Conceptually, I would prefer to return a Dictionary<string,int> of counts. 从概念上讲,我更愿意返回计数的Dictionary<string,int> I'll assume that it's ok to know by omission rather than an explicit count of 0 that a character occurs zero times, you can do it via LINQ. 我假设可以通过省略而不是显式计数0知道一个字符出现零次,你可以通过LINQ来做。 @Oded's given you a good start on how to do that. @Oded给你一个良好的开端,如何做到这一点。 All you would need to do is replace the Select() with ToDictionary( k => k.Key, v => v.Count() ) . 您需要做的就是用ToDictionary( k => k.Key, v => v.Count() )替换Select() ToDictionary( k => k.Key, v => v.Count() ) See my comment on his answer about doing the case insensitive grouping. 请参阅我对他关于进行不区分大小写分组的回答的评论。 Note: you should decide if you care about cultural differences in characters or not and adjust the ToLower method accordingly. 注意:您应该决定是否关心字符的文化差异,并相应地调整ToLower方法。

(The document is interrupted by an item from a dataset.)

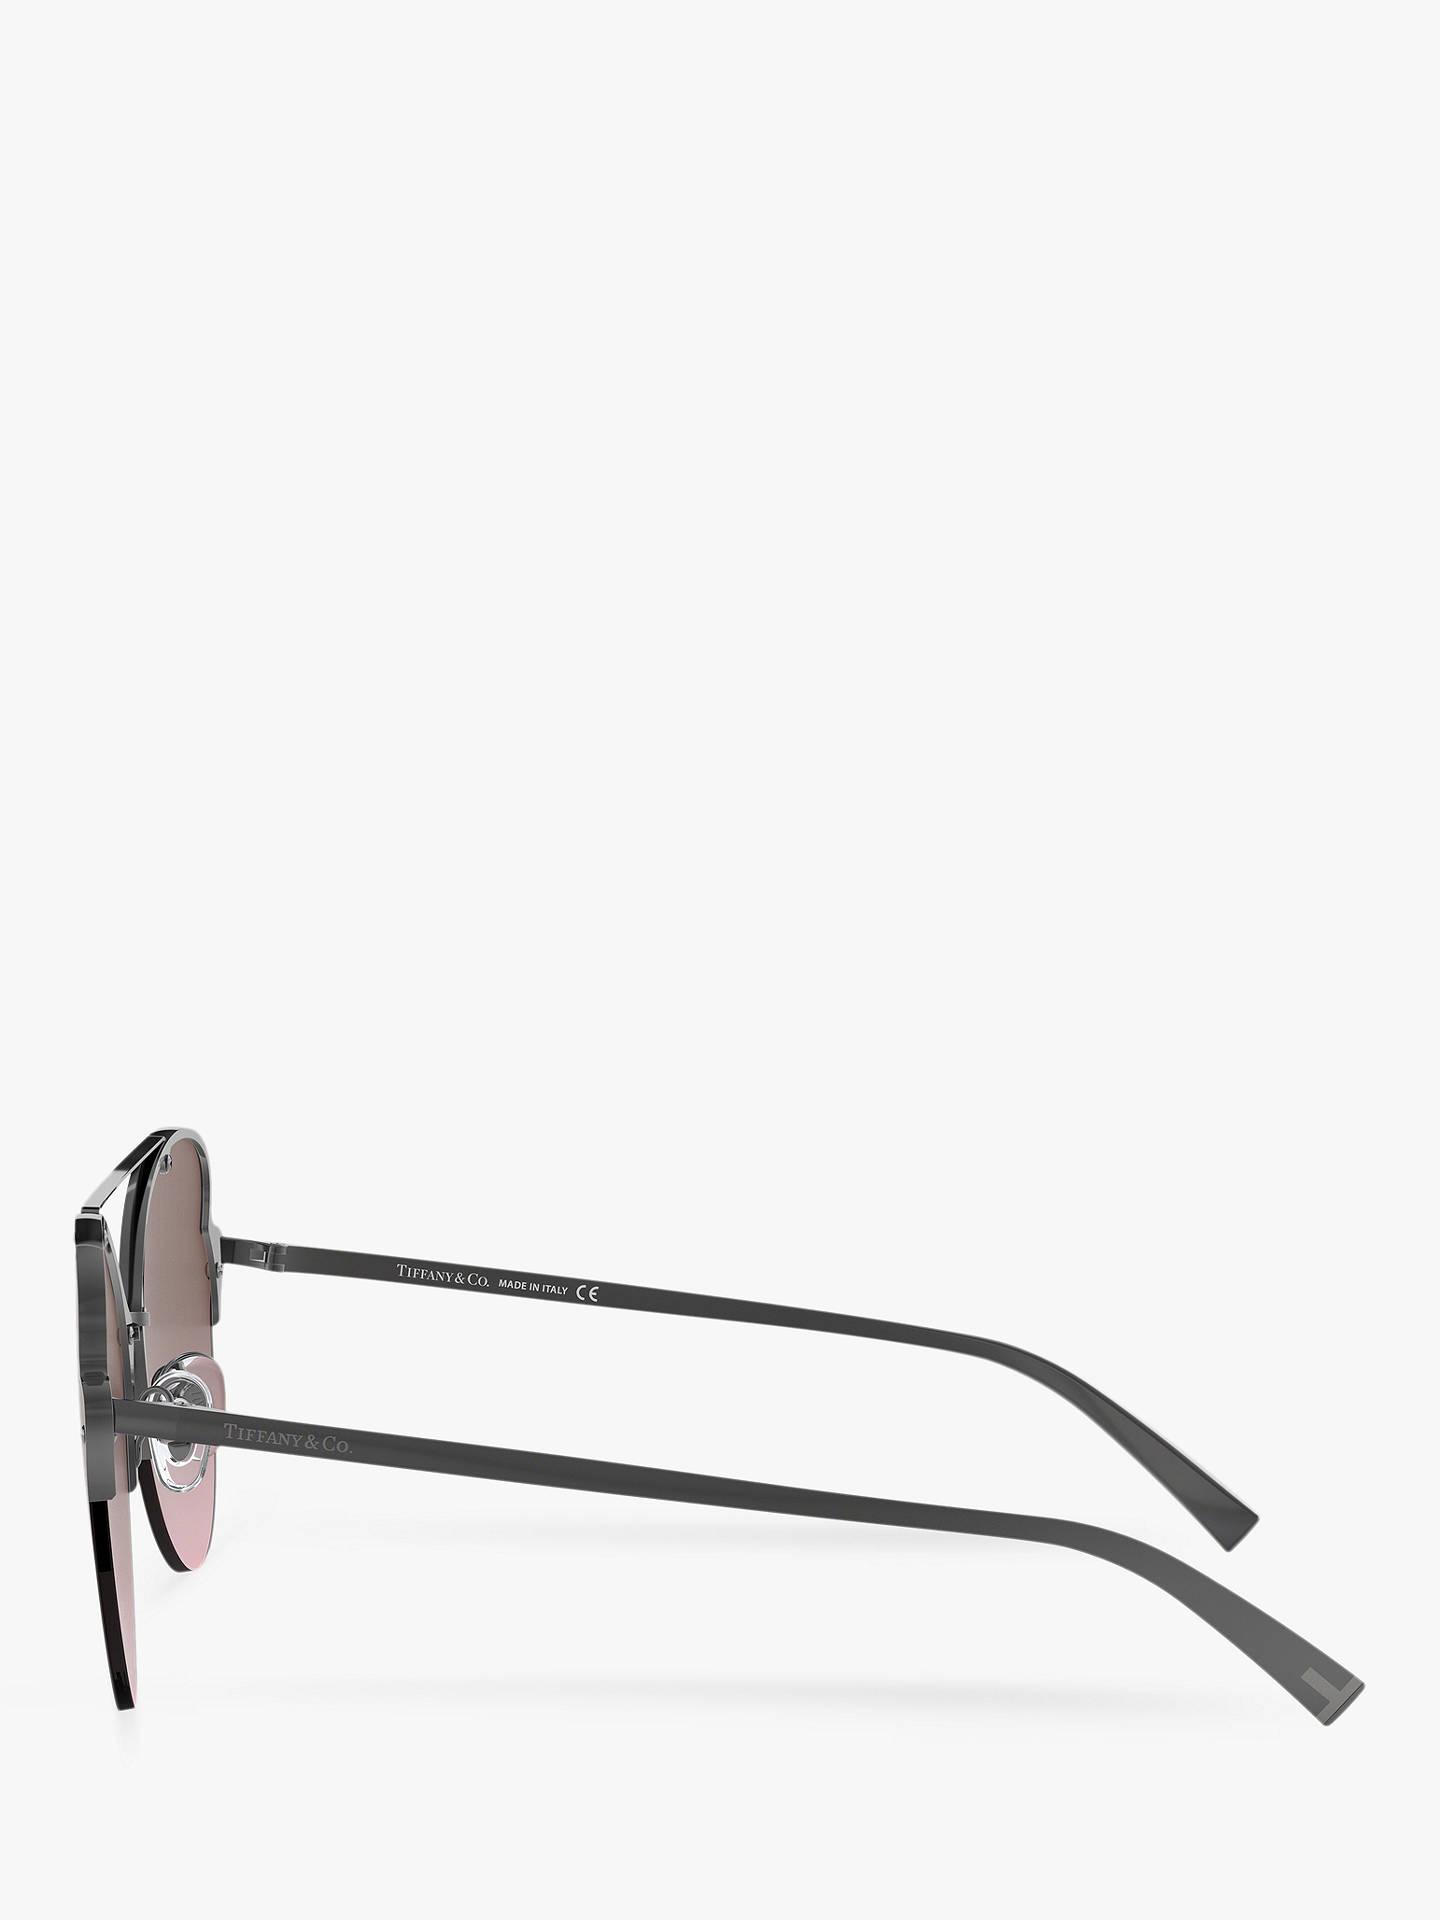 793c649a02f0 ... Buy Tiffany & Co TF3063 Women's Cat's Eye Sunglasses, Gunmetal/Purple  Gradient Online at ...

You can also do this without LINQ; 你也可以不用LINQ做到这一点;

public static Dictionary<string,int> CountCharacters(string input)
{
     var counts = new Dictionary<char,int>(StringComparer.OrdinalIgnoreCase);

     foreach (var c in input)
     {
          int count = 0;
          if (counts.ContainsKey(c))
          {
              count = counts[c];
          }
          counts[c] = counts + 1;
     }

     return counts;
}

Note if you wanted a Dictionary<char,int> , you could easily do that by creating a case invariant character comparer and using that as the IEqualityComparer<T> for a dictionary of the required type. 注意,如果你想要一个Dictionary<char,int> ,你可以通过创建一个case不变字符比较器并将其作为IEqualityComparer<T>用于所需类型的字典来轻松完成。 I've used string for simplicity in the example. 我在示例中使用了string来简化。

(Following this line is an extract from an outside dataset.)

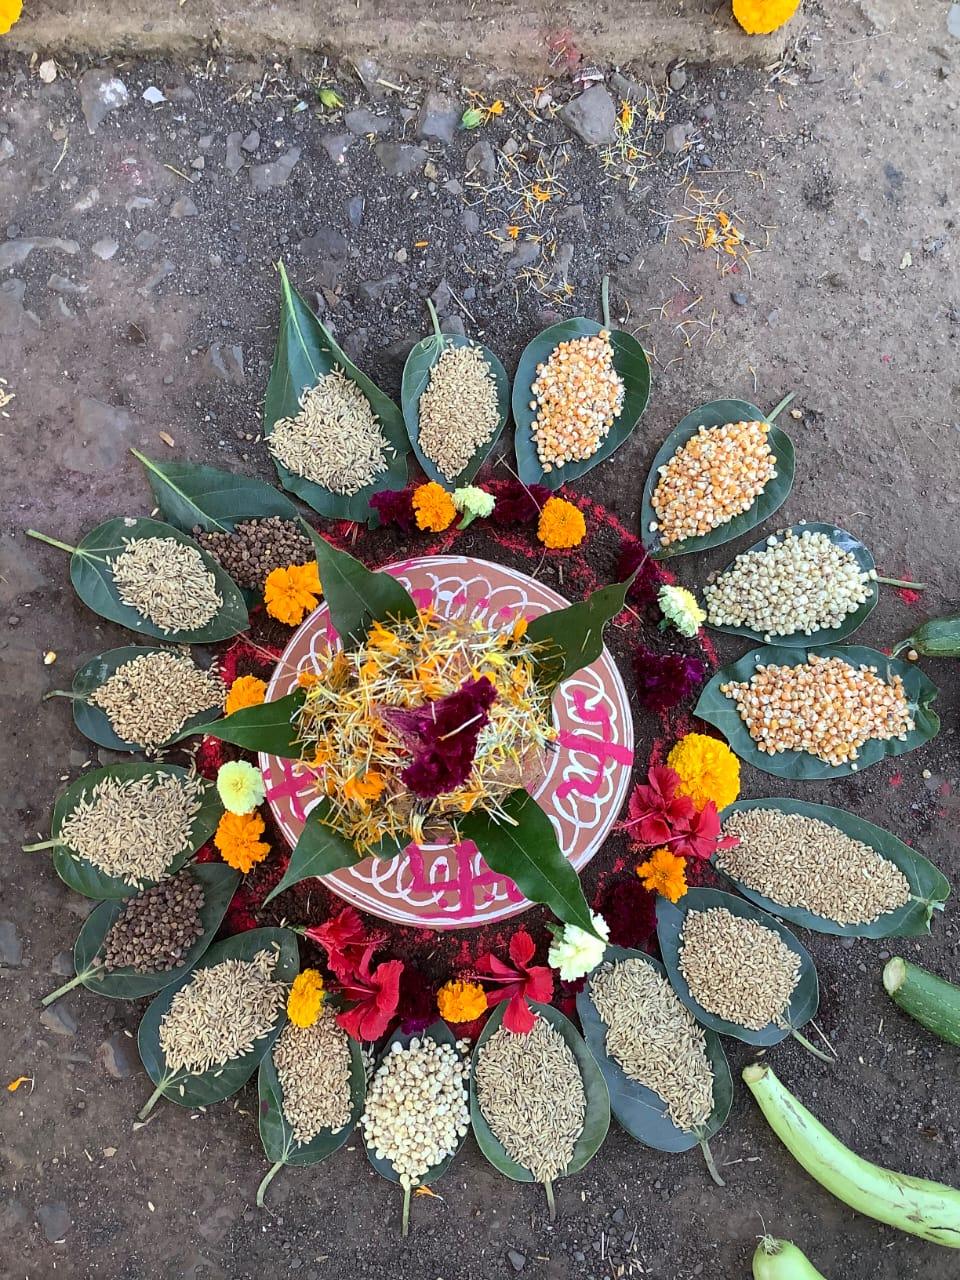 vaagdhara-world-soil-day-2020-11

Again, adjust the type of the comparer to be consistent with how you want to handle culture. 同样,调整比较器的类型以与您希望处理文化的方式一致。

Using GroupBy and Select : 使用GroupBySelect

aString.GroupBy(c => c).Select(g => new { Character = g.Key, Num = g.Count() })

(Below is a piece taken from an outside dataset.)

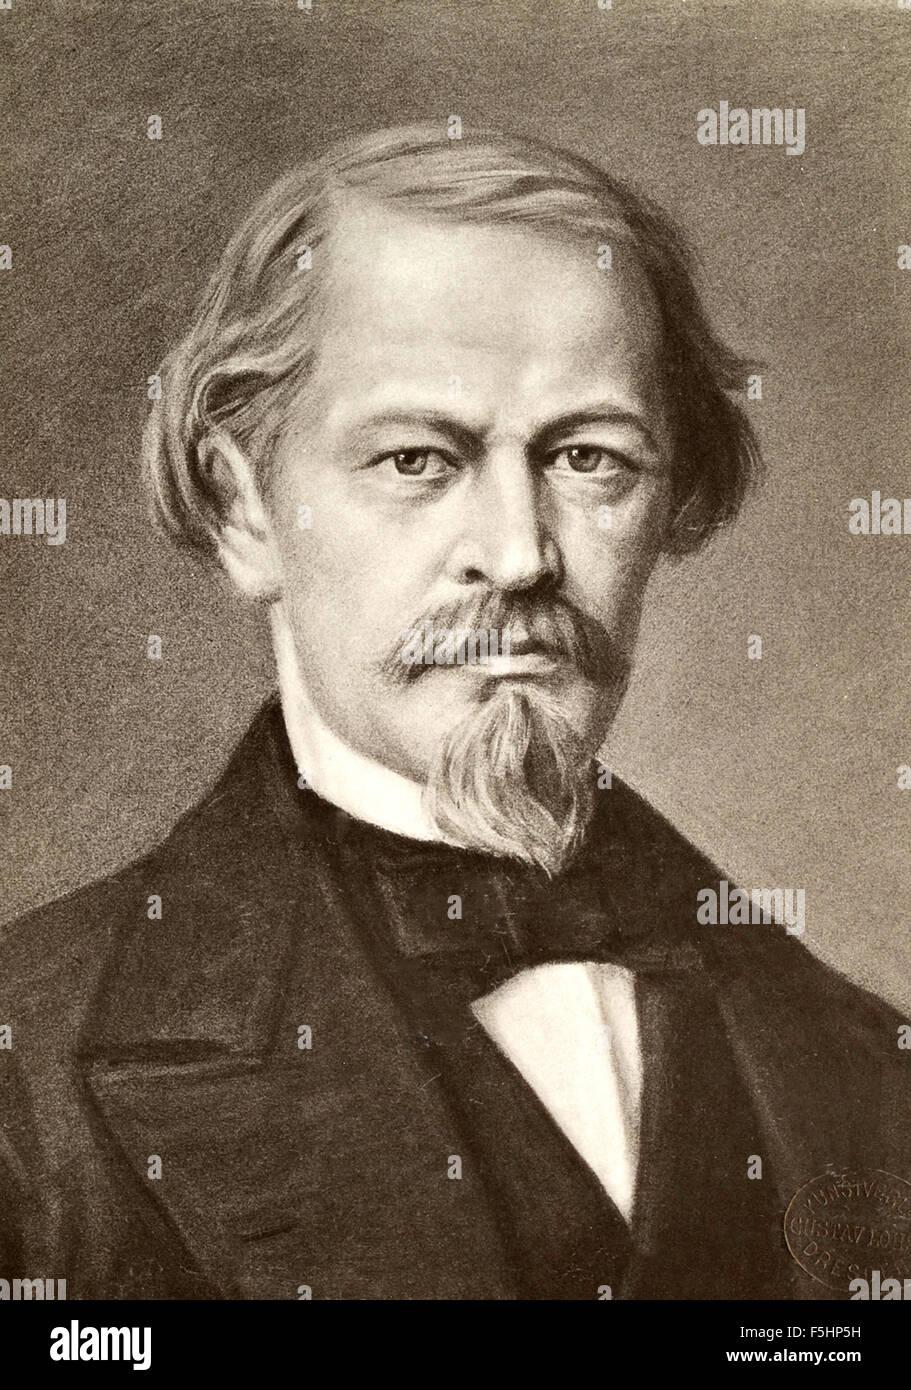 Portrait of German playwright Gustav Freytag - Stock Image

The returned anonymous type list will contain each character and the number of times it appears in the string. 返回的匿名类型列表将包含每个字符及其在字符串中出现的次数。

You can then filter it in any way you wish, using the static methods defined on Char . 然后,您可以使用Char定义的静态方法以任何方式过滤它。

Your code is kind of slow because you are looping through the range az instead of just looping through the input. 您的代码有点慢,因为您循环遍历范围az而不是仅仅循环输入。

If you only need to count letters (like your code suggests), the fastest way to do it would be: 如果您只需要计算字母(如代码所示),最快的方法是:

int[] CountCharacters(string text)
{
    var counts = new int[26];

    for (var i = 0; i < text.Length; i++)
    {
        var charIndex - text[index] - (int)'a';
        counts[charIndex] = counts[charindex] + 1;
    }

    return counts;
}  

Note that you need to add some thing like verify the character is in the range, and convert it to lowercase when needed, or this code might throw exceptions. 请注意,您需要添加一些内容,例如验证字符是否在范围内,并在需要时将其转换为小写,否则此代码可能会抛出异常。 I'll leave those for you to add. 我会留下那些给你补充的。 :) :)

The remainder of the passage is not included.